The BBB is a microscopic structure that shields the brain from the vast majority of circulating drugs. As a result, the repertoire of drugs that can be used to treat brain diseases is very limited. Patients with brain cancer cannot be treated with most drugs that are otherwise effective for cancer elsewhere in the body, as these do not cross the blood-brain barrier. Effective repurposing of drugs to treat brain pathology and cancer require their delivery to the brain.

In the past, studies that injected paclitaxel directly into the brain of patients with these tumors observed promising signs of efficacy, but the direct injection was associated with toxicity such as brain irritation and meningitis, Sonabend said.

The research team discovered that the use of ultrasound and microbubble-based opening of the blood-brain barrier is transient, and most of the blood-brain barrier integrity is restored within one hour after this procedure in humans.

“There is a critical time window after sonification when the brain is permeable to drugs circulating in the bloodstream,” said Sonabend, also a member of the Robert H. Lurie Comprehensive Cancer Center of Northwestern University.

Previous human studies showed that the BBB is completely restored 24 hours after brain sonication, and based on some animal studies, the field assumed that the blood-brain barrier is open for the first six hours or so.
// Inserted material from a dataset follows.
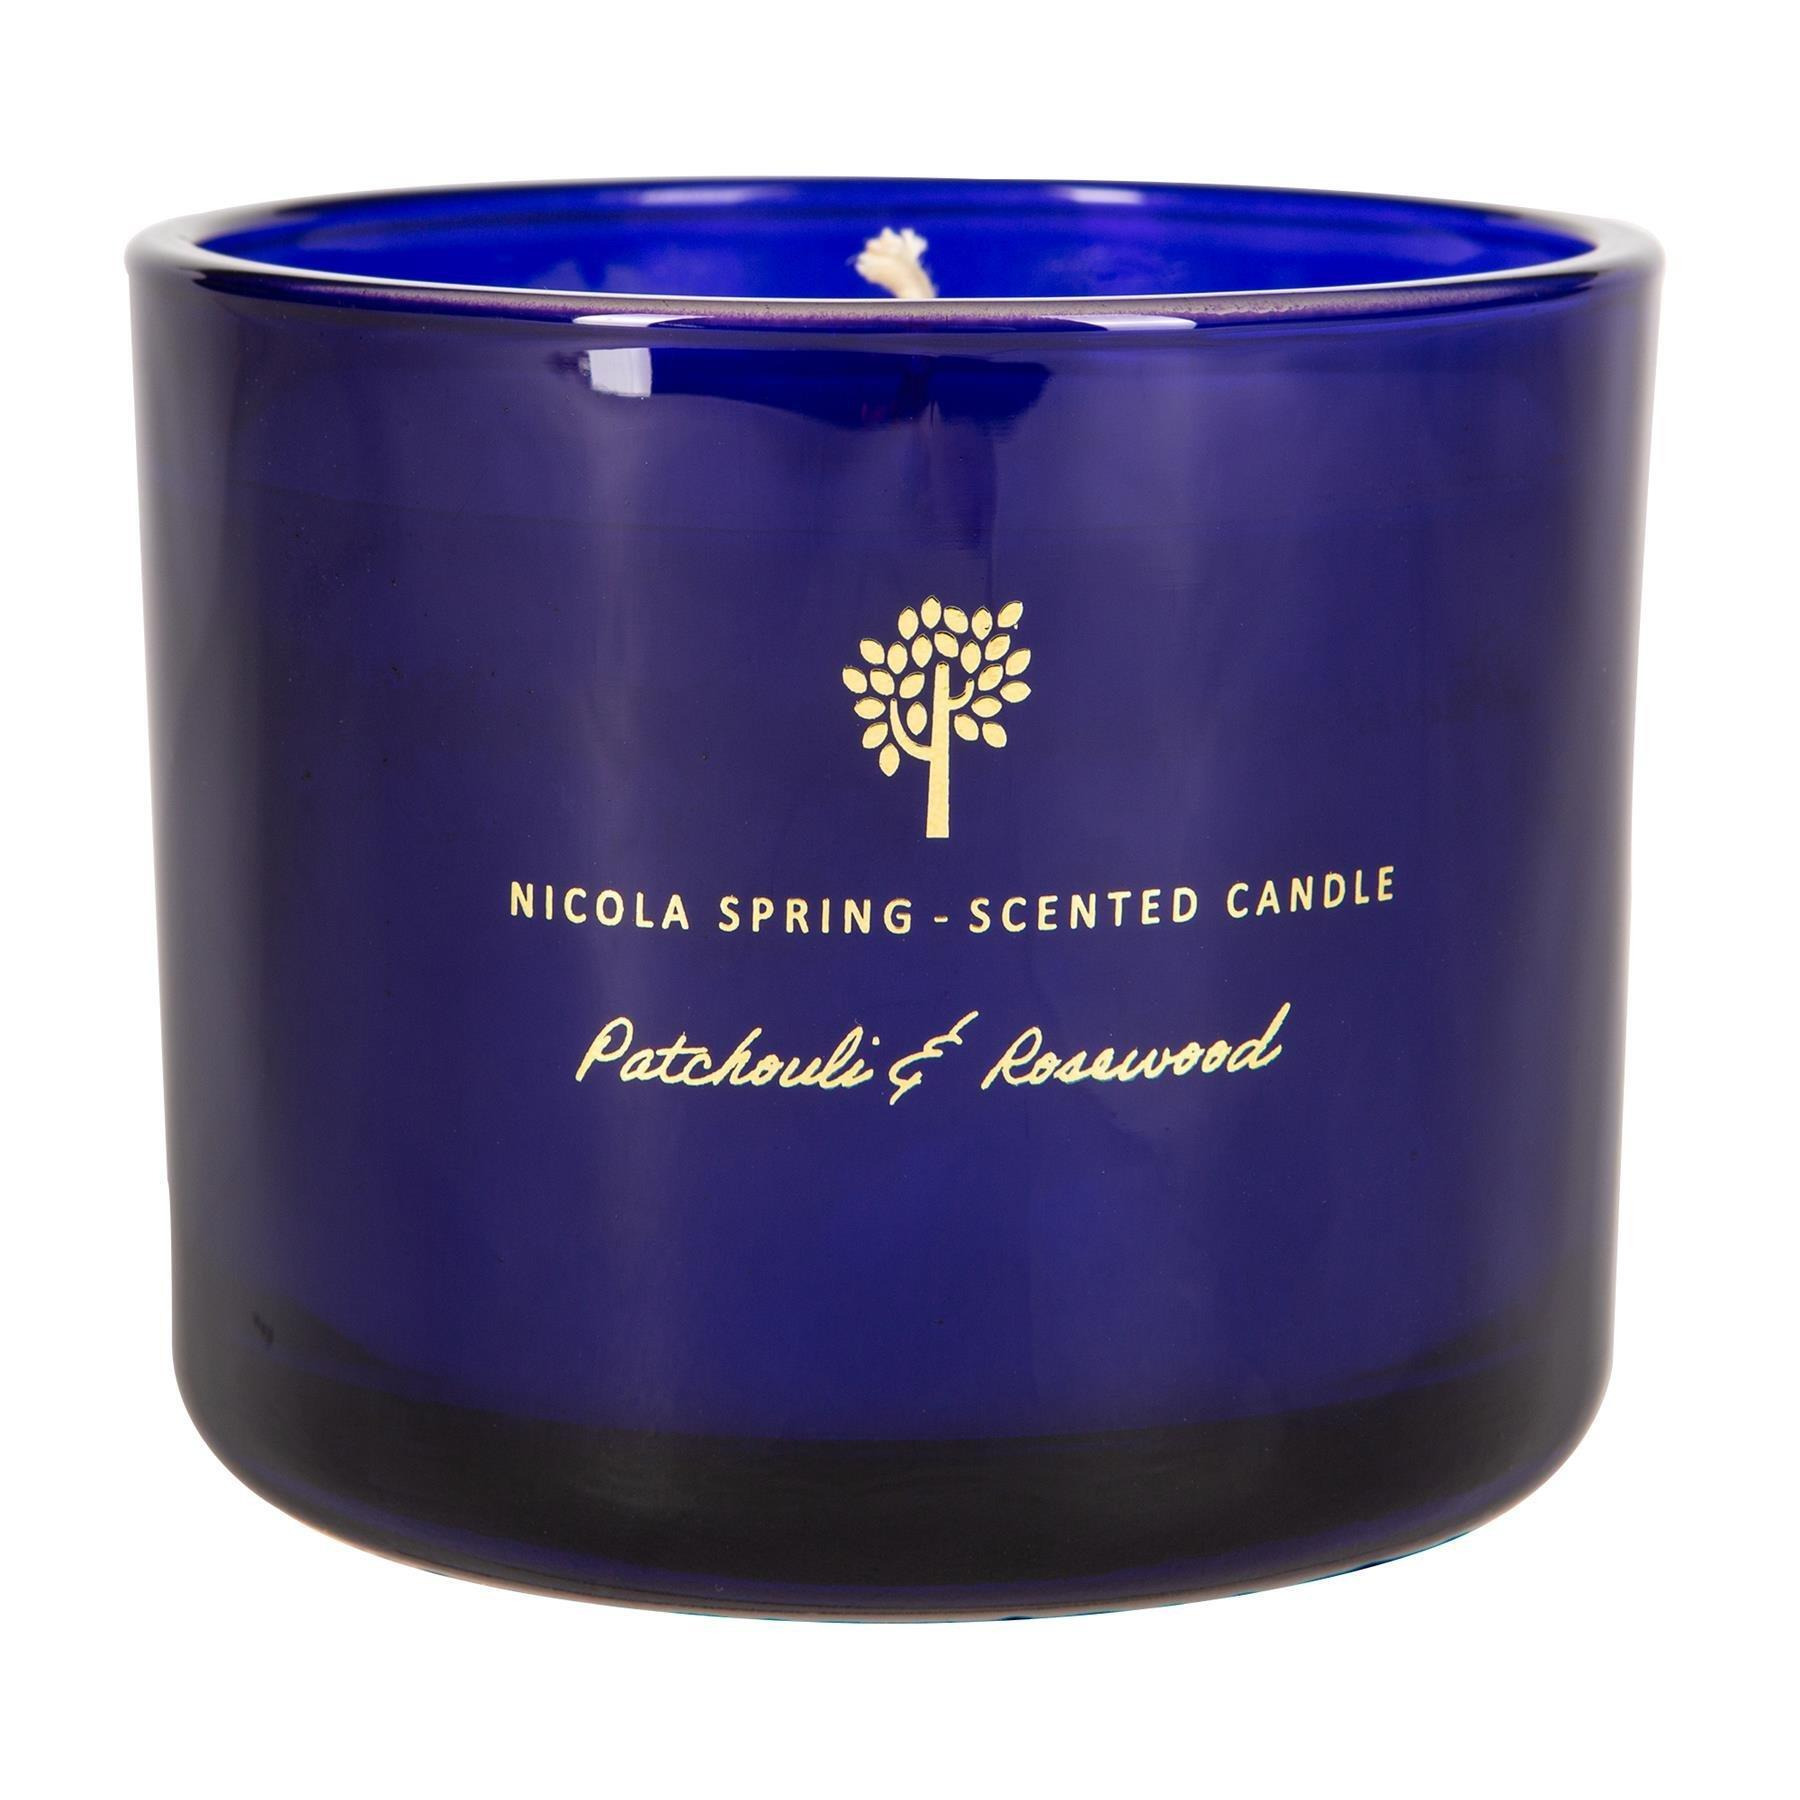 Soy Wax Scented Candle 300g Patchouli & Rosewood - image 1

The Northwestern study shows that this time window might be shorter.

The study reports that using a novel skull-implantable grid of nine ultrasound emitters designed by French biotech company Carthera opens the BBB in a volume of brain that is nine times larger than the initial device (a small single-ultrasound emitter implant). This is important because to be effective, this approach requires coverage of a large region of the brain adjacent to the cavity that remains in the brain after the removal of glioblastoma tumors.

The findings of the study are the basis for an ongoing phase 2 clinical trial the scientists are conducting for patients with recurrent glioblastoma. The objective of the trial—in which participants receive a combination of paclitaxel and carboplatin delivered to their brain with the ultrasound technique—is to investigate whether this treatment prolongs survival of these patients. A combination of these two drugs is used in other cancers, which is the basis for combining them in the phase 2 trial.

In the phase 1 clinical trial reported in this paper, patients underwent surgery for resection of their tumors and implantation of the ultrasound device. They started treatment within a few weeks after the implantation.

The Northwestern team escalated the dose of paclitaxel delivered every three weeks with the accompanying ultrasound-based blood-brain barrier opening. In subsets of patients, studies were performed during surgery to investigate the effect of this ultrasound device on drug concentrations. The BBB was visualized and mapped in the operating room using a fluorescent dye called fluorescein and by MRI obtained after ultrasound therapy.

“While we have focused on brain cancer (for which there are approximately 30,000 gliomas in the U.S.), this opens the door to investigate novel drug-based treatments for millions of patients who suffer from various brain diseases,” Sonabend said.